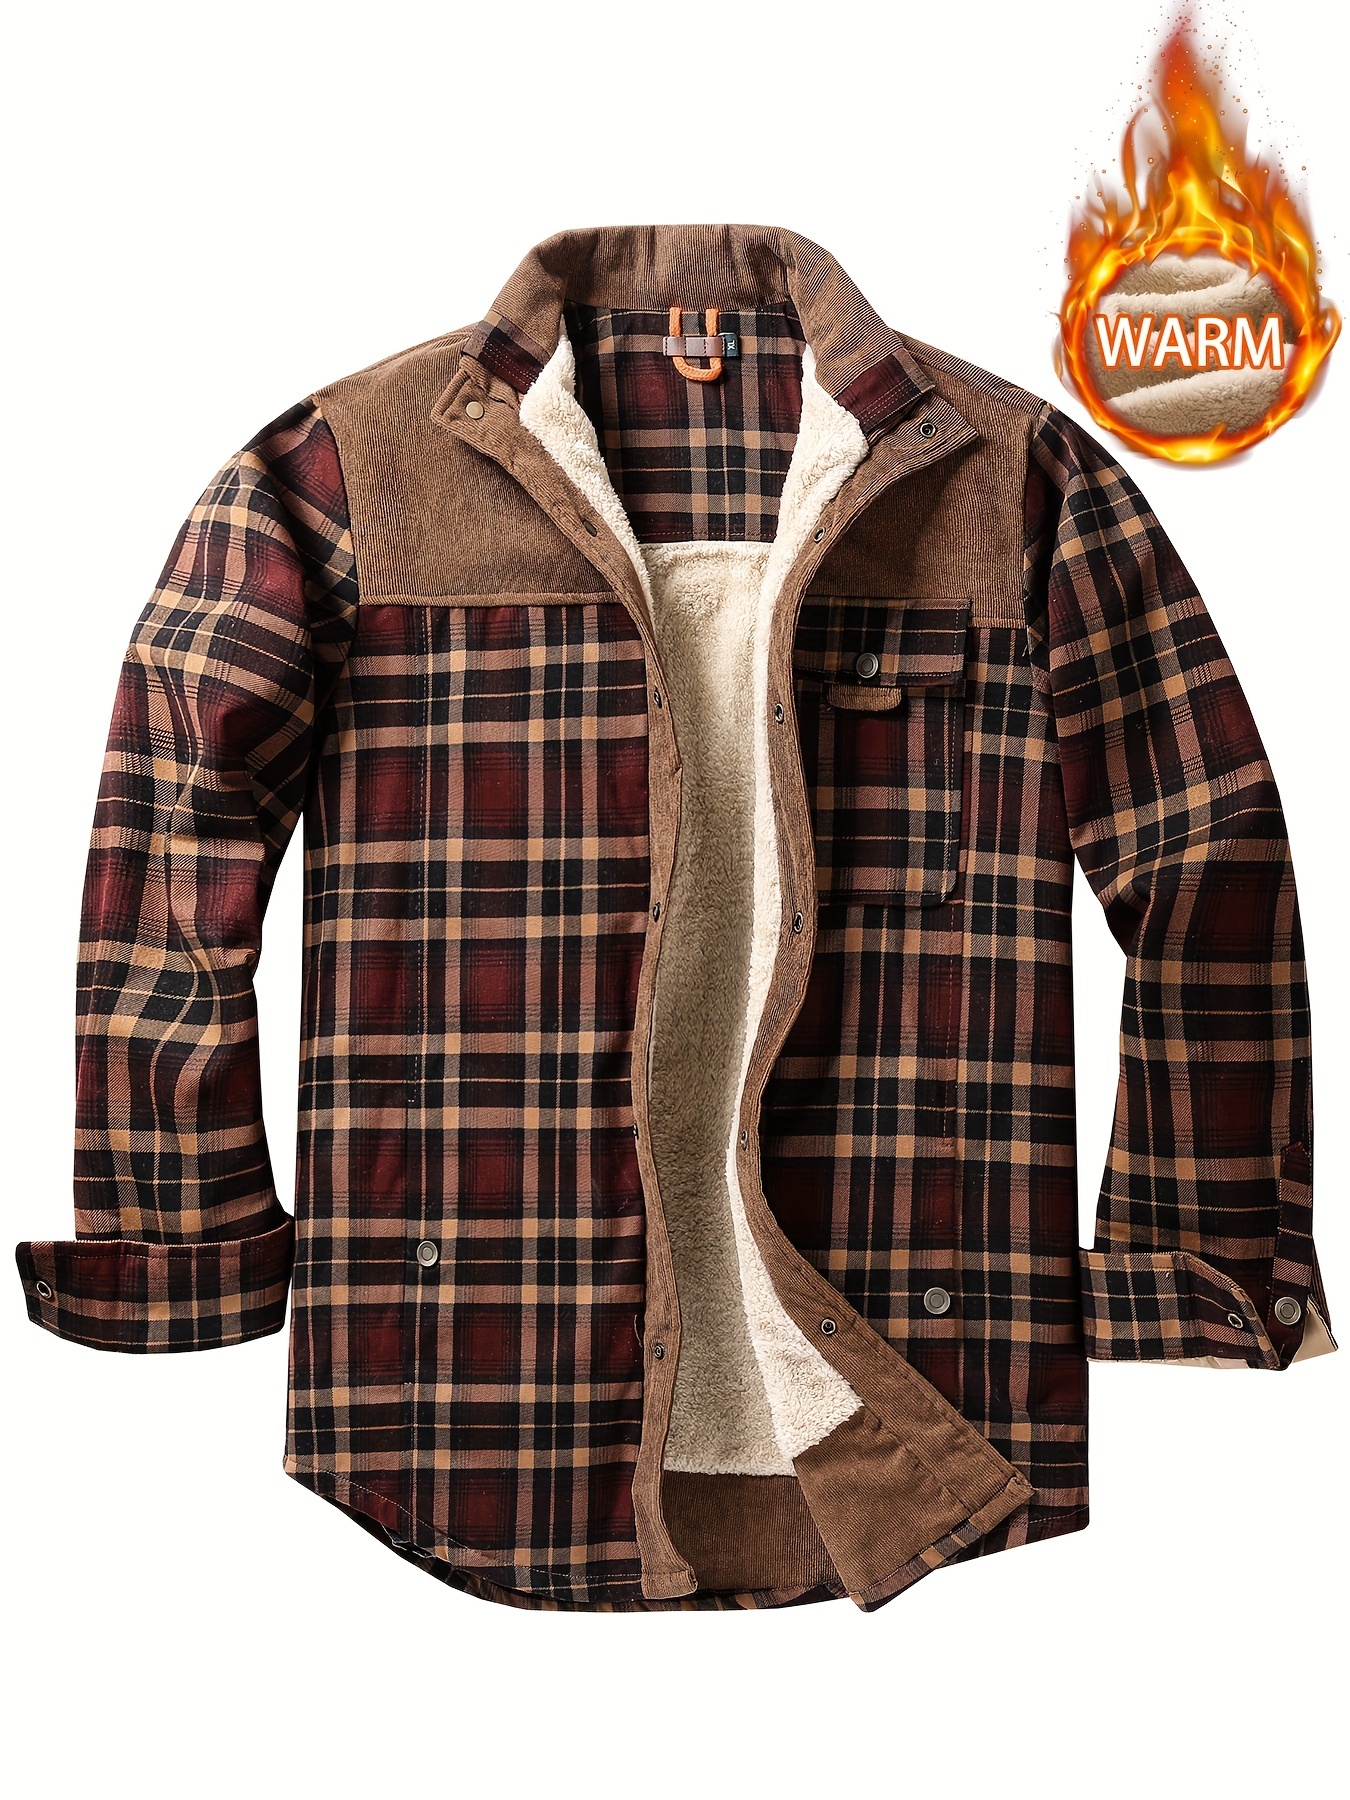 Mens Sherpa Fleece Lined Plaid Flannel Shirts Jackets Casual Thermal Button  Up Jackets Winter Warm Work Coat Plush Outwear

###

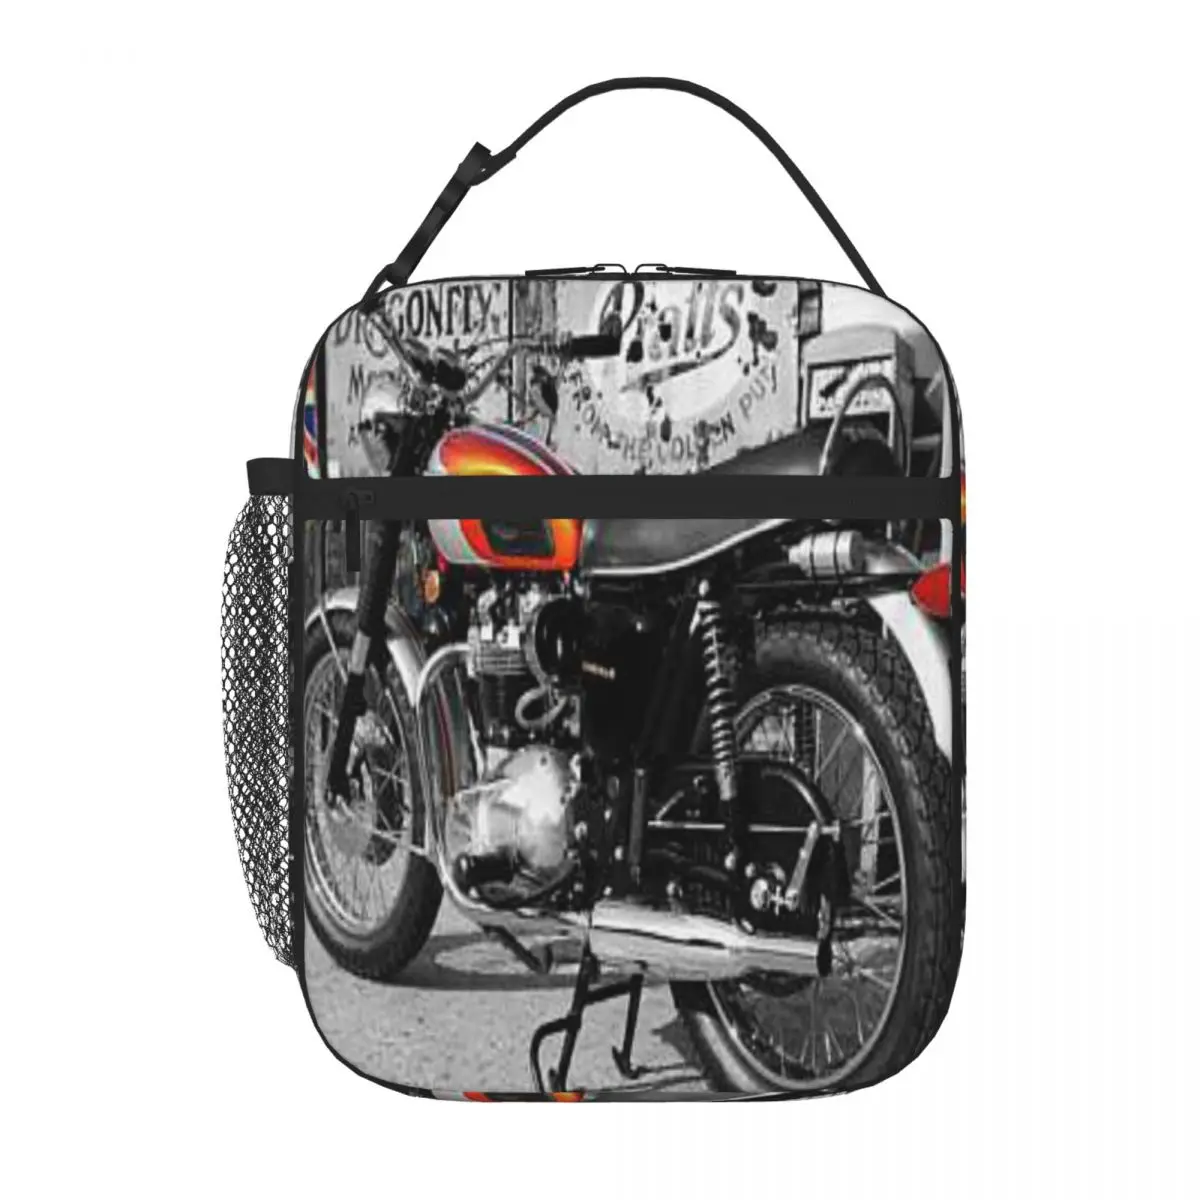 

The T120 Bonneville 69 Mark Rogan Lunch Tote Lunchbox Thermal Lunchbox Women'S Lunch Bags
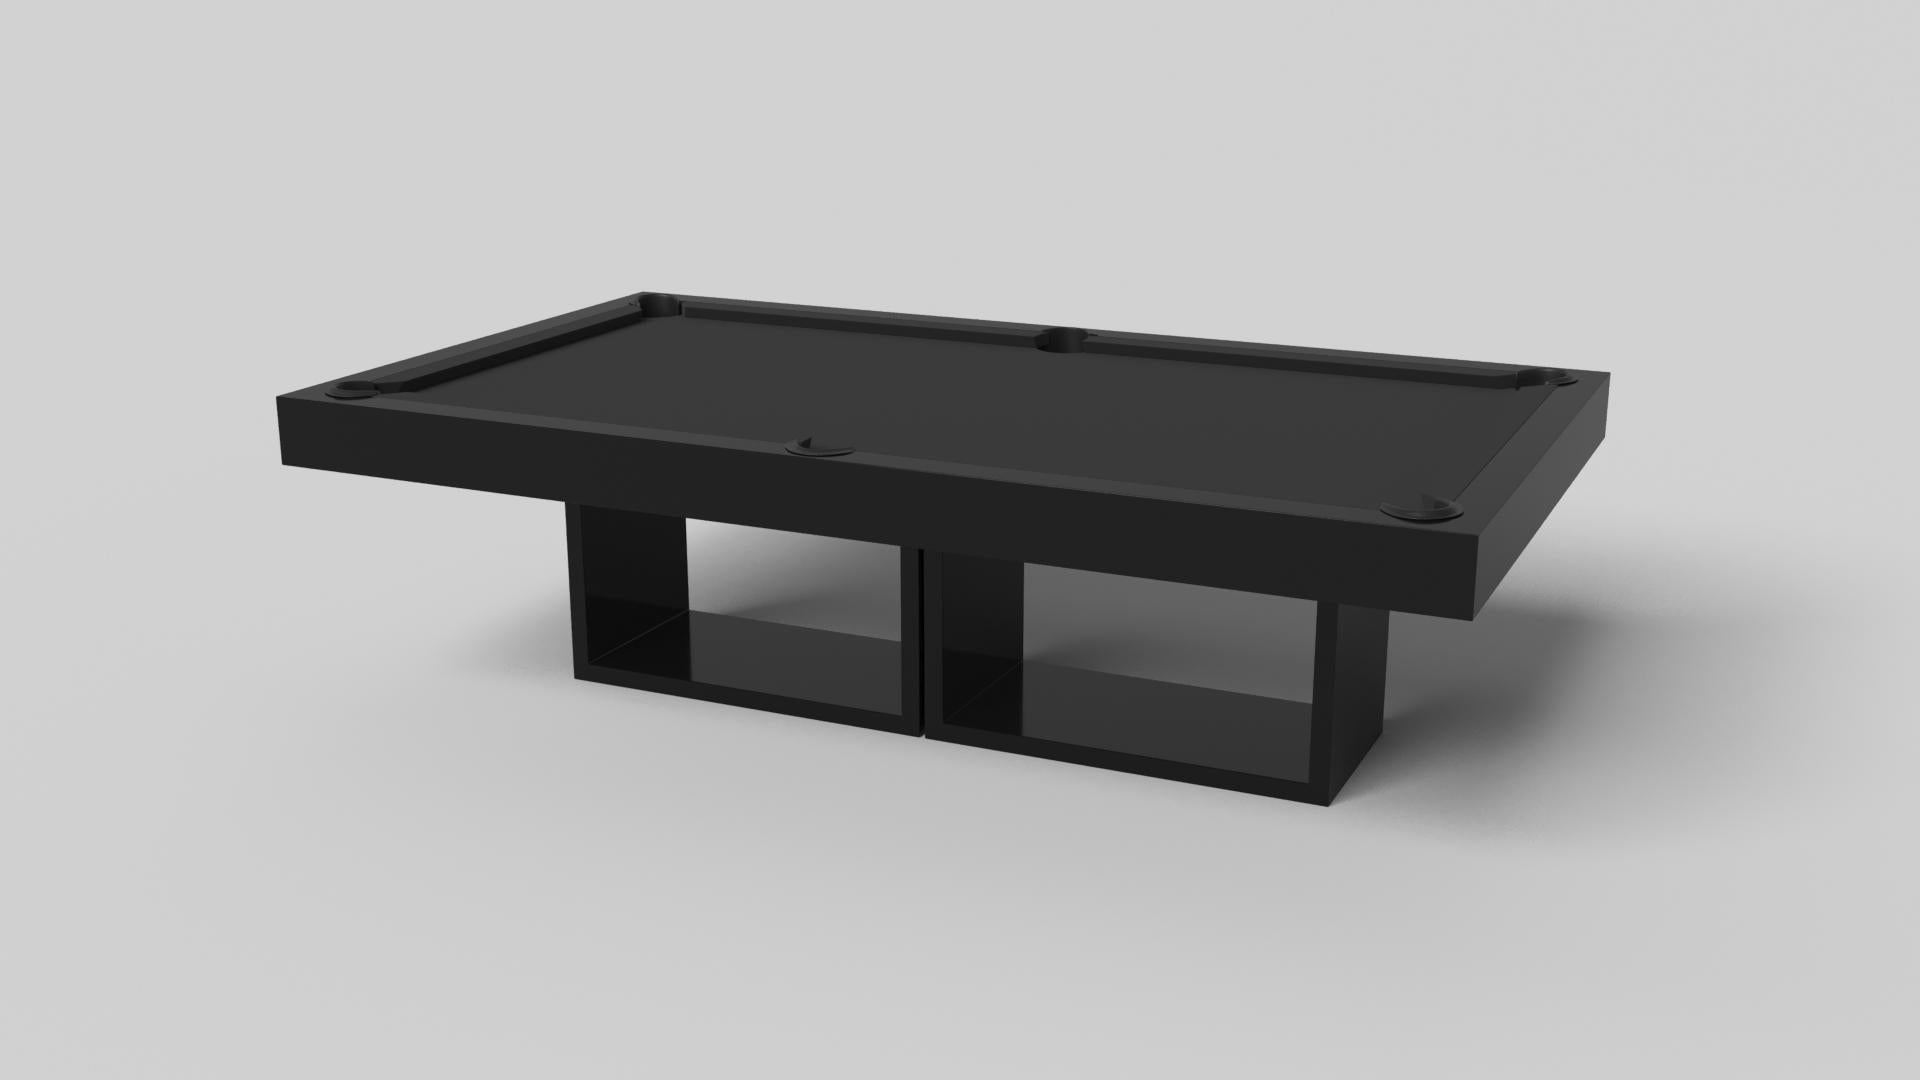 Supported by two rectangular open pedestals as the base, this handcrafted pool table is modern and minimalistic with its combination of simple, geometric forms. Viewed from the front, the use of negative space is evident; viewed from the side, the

###

WHAT IS EXPECTED: Pictures excluded, transcribe the listing above exactly from the line with "The T120 Bonneville" through the line with "Supported by two", and no further.

SOLVED EXERCISE:
The T120 Bonneville 69 Mark Rogan Lunch Tote Lunchbox Thermal Lunchbox Women'S Lunch Bags
 Supported by two rectangular open pedestals as the base, this handcrafted pool table is modern and minimalistic with its combination of simple, geometric forms. Viewed from the front, the use of negative space is evident; viewed from the side, the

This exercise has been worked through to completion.